Microsoft is altering its proposed deal with Activision Blizzard by transferring the rights for cloud gaming of existing and upcoming games from Activision Blizzard to Ubisoft. This modification is aimed at addressing concerns raised by UK regulators regarding potential competition issues stemming from Microsoft’s planned $68.7 billion acquisition. The revised deal has prompted a new regulatory inquiry in the UK, which is expected to conclude by October 18th.

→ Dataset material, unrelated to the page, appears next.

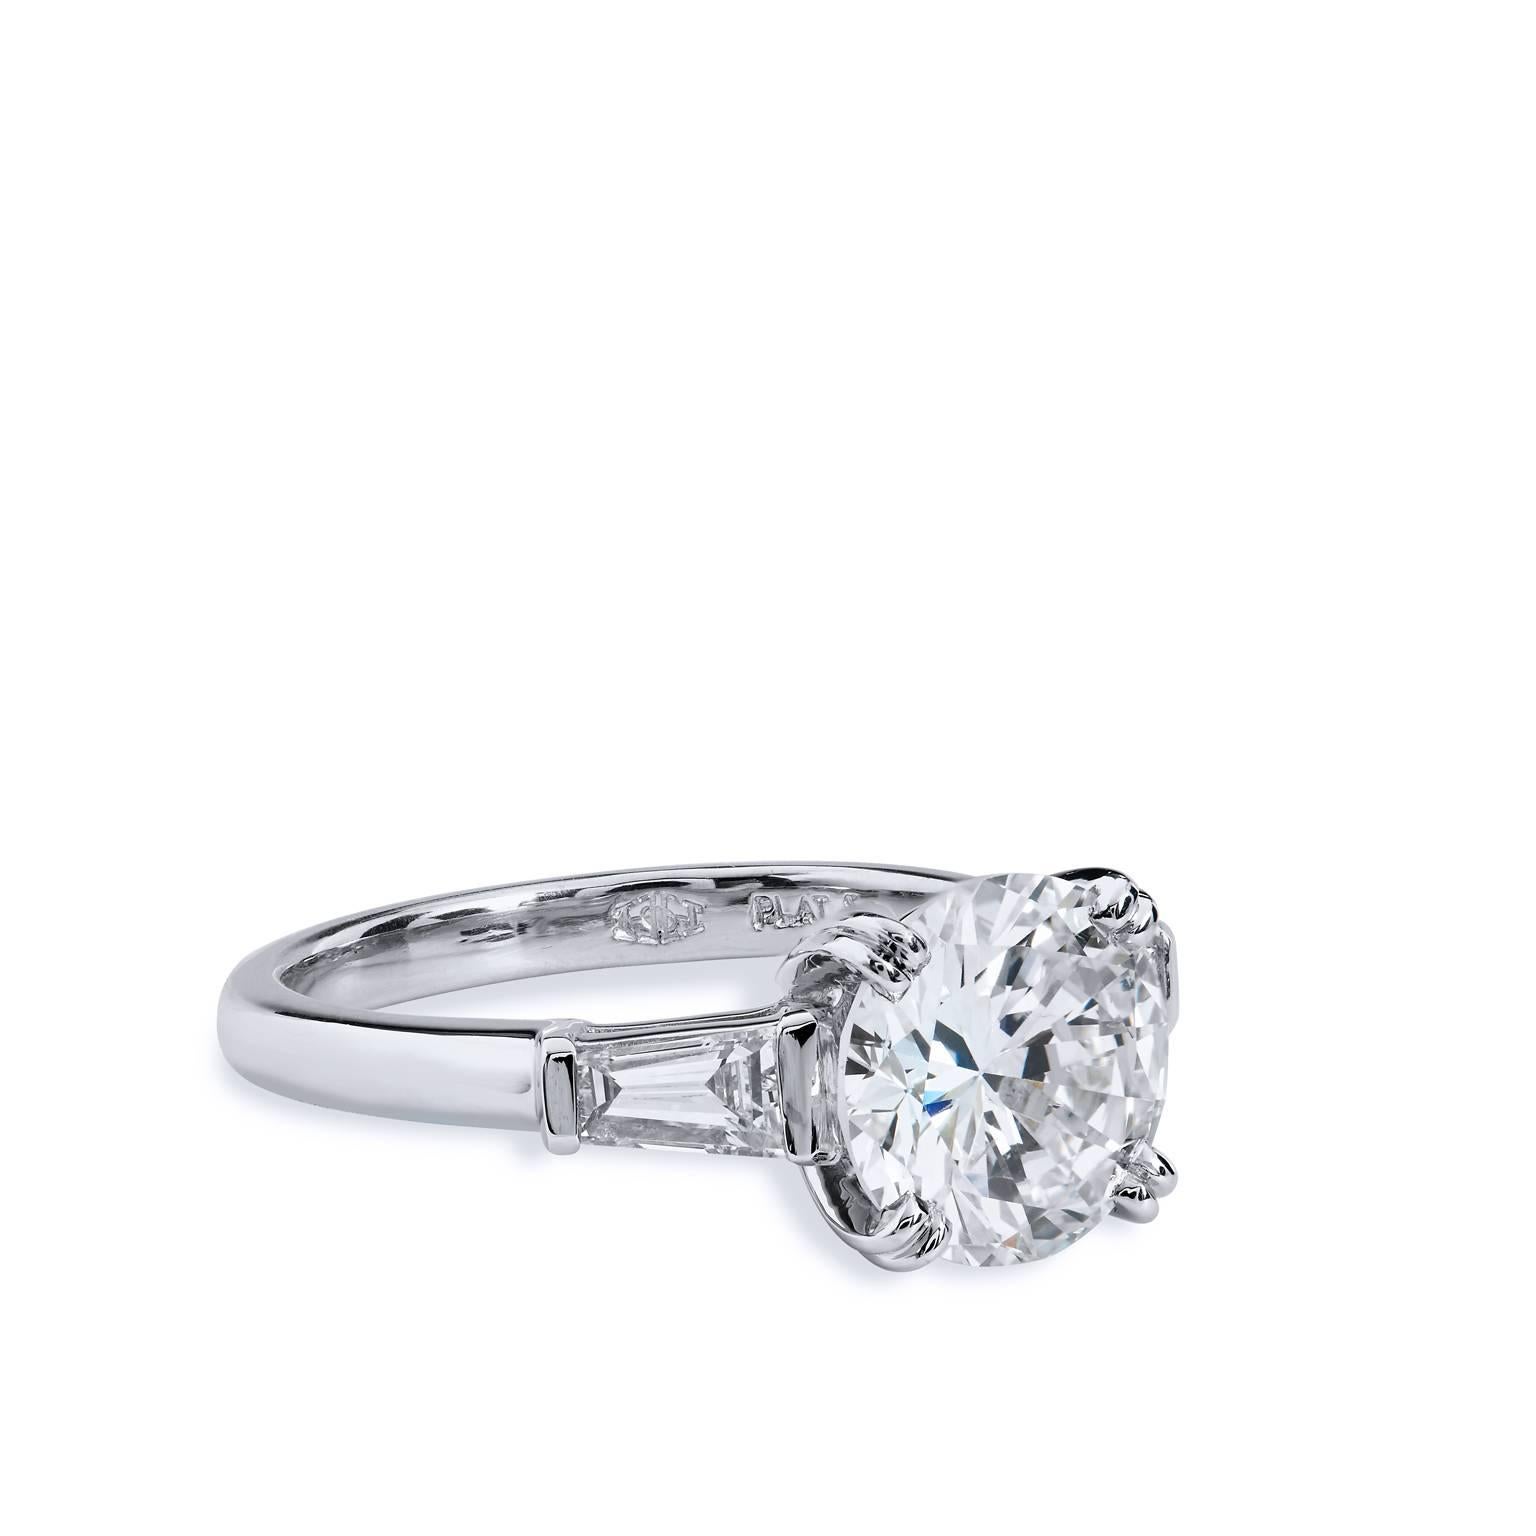 Leave her suspended in a dream with this beautiful H & H, handcrafted platinum and diamond engagement ring. Two tapered baguette diamond side stones weighing a total of 0.32 carat (J/K/VS)draw the eye toward the remarkable 2.22 carat diamond set at

To alleviate worries about the impact on cloud game streaming expressed by the UK’s Competition and Markets Authority (CMA), Microsoft is adjusting the transaction to acquire a more limited set of rights. This involves an agreement that will grant Ubisoft Entertainment SA, a prominent global game publisher, perpetual control over cloud streaming rights for all current and future Activision Blizzard PC and console games for the next 15 years. This shift ensures that Microsoft cannot exclusively offer Activision Blizzard games on its Xbox Cloud Gaming platform, nor exclusively dictate the licensing terms for these games on competing services. Instead, Ubisoft will oversee the cloud streaming rights for these games outside the EU and will license the titles back to Microsoft for inclusion in Xbox Cloud Gaming.
Under this restructured arrangement, Ubisoft will compensate Microsoft through a one-time payment and a market-based wholesale pricing system, which may involve usage-based pricing. Additionally, Ubisoft will have the option to make Activision Blizzard games available to cloud gaming services running non-Windows operating systems. These games will also be incorporated into Ubisoft’s Ubisoft Plus Multi Access subscription, accessible on PC, Xbox, Amazon Luna, and PlayStation via Ubisoft Plus Classics.
Following the initial rejection of Microsoft’s deal by the CMA due to cloud gaming concerns, negotiations commenced after the Federal Trade Commission’s loss in a US federal court. Microsoft’s revised deal has now triggered a new phase of investigation by the CMA, with a deadline set for October 18th. This aligns with the extended deal closing date agreed upon by Microsoft and Activision.
The CMA has issued a final order to halt Microsoft’s original deal worldwide as it scrutinizes the revised transaction. Notably, the CMA mentions that Ubisoft can request Microsoft to adapt Activision’s titles for non-Windows operating systems, such as Linux, for a fee, if Ubisoft chooses to provide cloud streaming rights to non-Windows cloud gaming services.
The altered agreement will not impact Microsoft’s commitments to the European Commission, as it had previously secured EU approval for the deal by providing a free license to EU consumers, enabling them to stream Activision Blizzard games via any cloud game streaming service of their choosing.
The CMA will evaluate the adjusted deal in the following weeks and announce a decision by the October 18th deadline. The agency’s objective remains unchanged—to ensure that healthy competition thrives in the growing cloud gaming market, fostering innovation and choice.